Apple shares have faced downward pressure this year amid concerns the company is falling behind its big tech rivals on the AI development front. The stock fell nearly 8% in the second quarter, making it the only Magnificent Seven member to lose ground in the period. Since the start of the year, Apple shares have slumped 17%, significantly underperforming the S&P 500’s 5% gain. On Tuesday, the stock rose 1.3% to around $208.
Below, we take a closer look at Apple’s chart and use technical analysis to identify key price levels that investors will likely be watching.
Descending Triangle Breakout
Apple shares broke out from a descending triangle and closed above the 50-day moving average in Monday’s trading session, potentially setting the stage for an upside trend reversal. What’s more, the relative strength index confirmed strengthening price momentum, with the indicator registering its highest reading since late February.
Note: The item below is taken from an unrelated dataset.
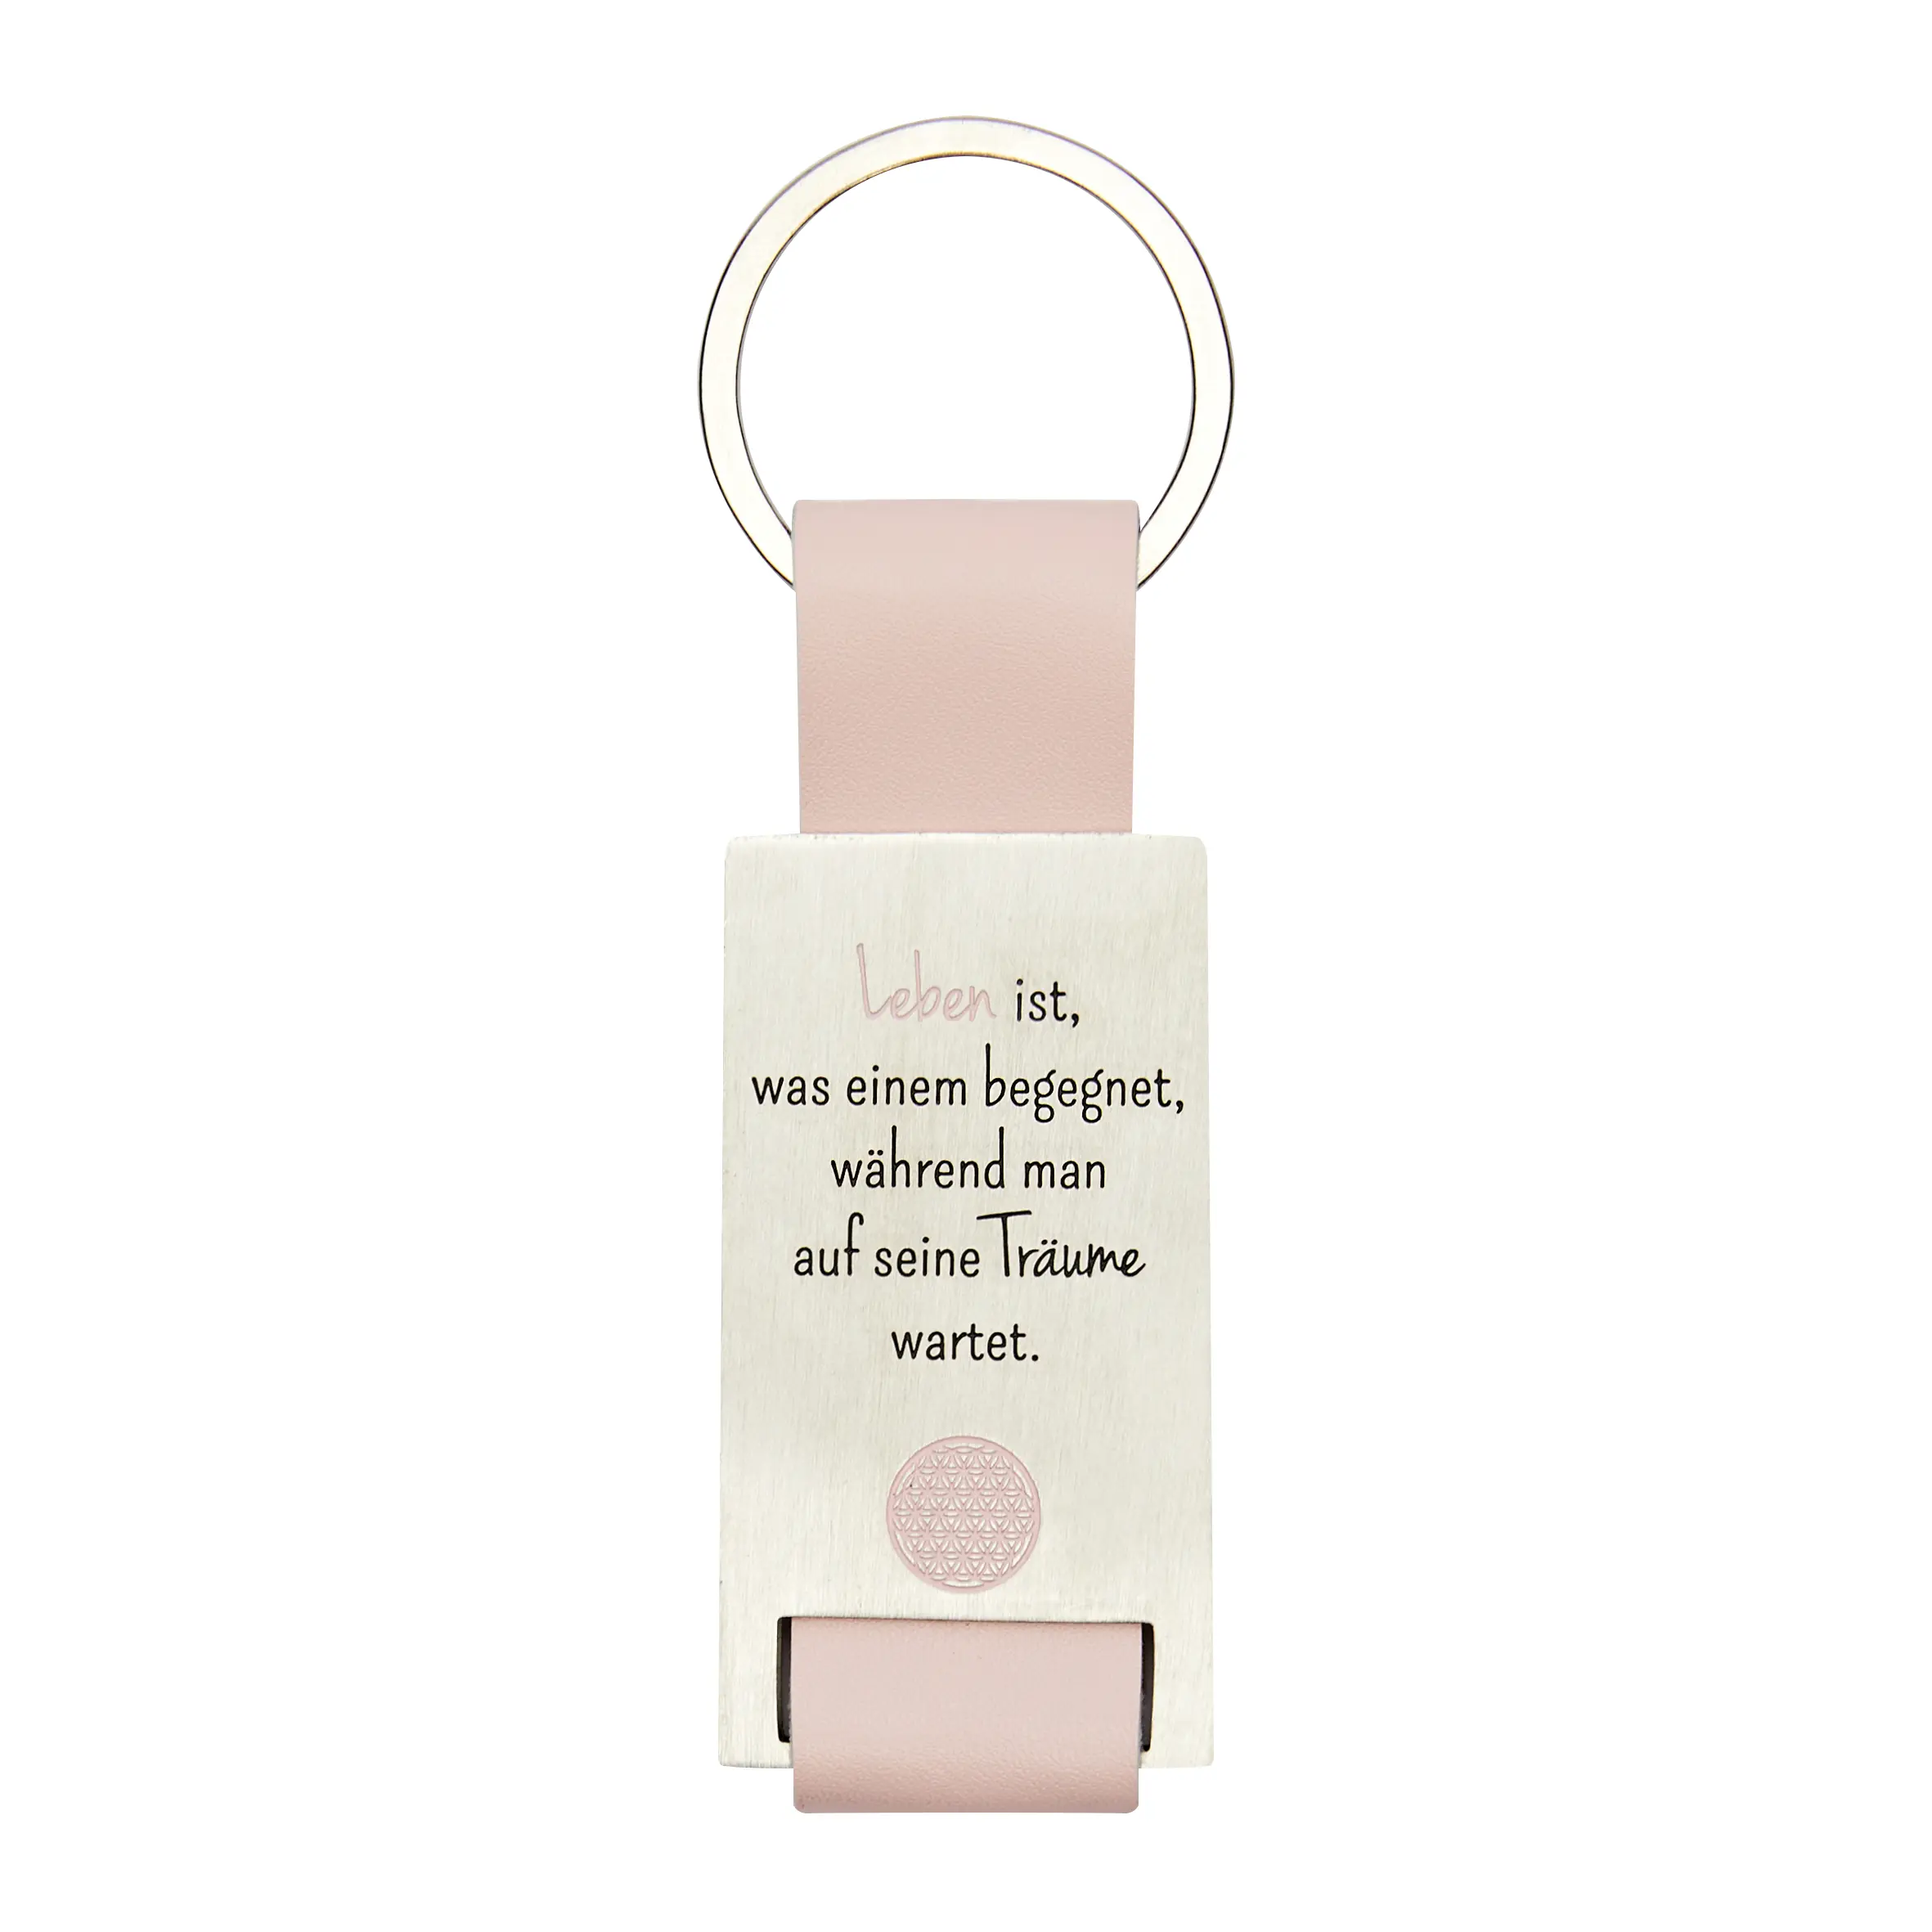 Schlüsselanhänger mit Spruch – Blume des Lebens, rosa

However, bears will argue that the stock remains in an established downtrend after the 50-day MA crossed below the 200-day MA back in April to form a “death cross,” a chart signal pointing to lower prices.
Let’s identify two key areas on Apple’s chart to watch if the stock moves higher and also identify support levels worth monitoring during potential retracements.
Overhead Areas to Watch
The first overhead area to watch sits around $214. This level may provide overhead resistance near the early-May peak, which also closely aligns with troughs that developed on the chart in March and September.
A decisive close above this level could see the shares climb toward $235. Investors who have accumulated the stock at lower prices may look for exit points in this location near a trendline that connects a range of corresponding price action on the chart between July and March.
Support Levels Worth Monitoring
During retracements in the stock, it’s initially worth monitoring the $193 level. The shares could attract buying interest in this area near the descending triangle’s lower trendline.
Finally, a convincing breakdown in Apple shares below the descending triangle could trigger a steeper decline to around $180. Investors may look for entry points in this region that align with a pullback to the 200-day MA in May last year following a prominent stock gap.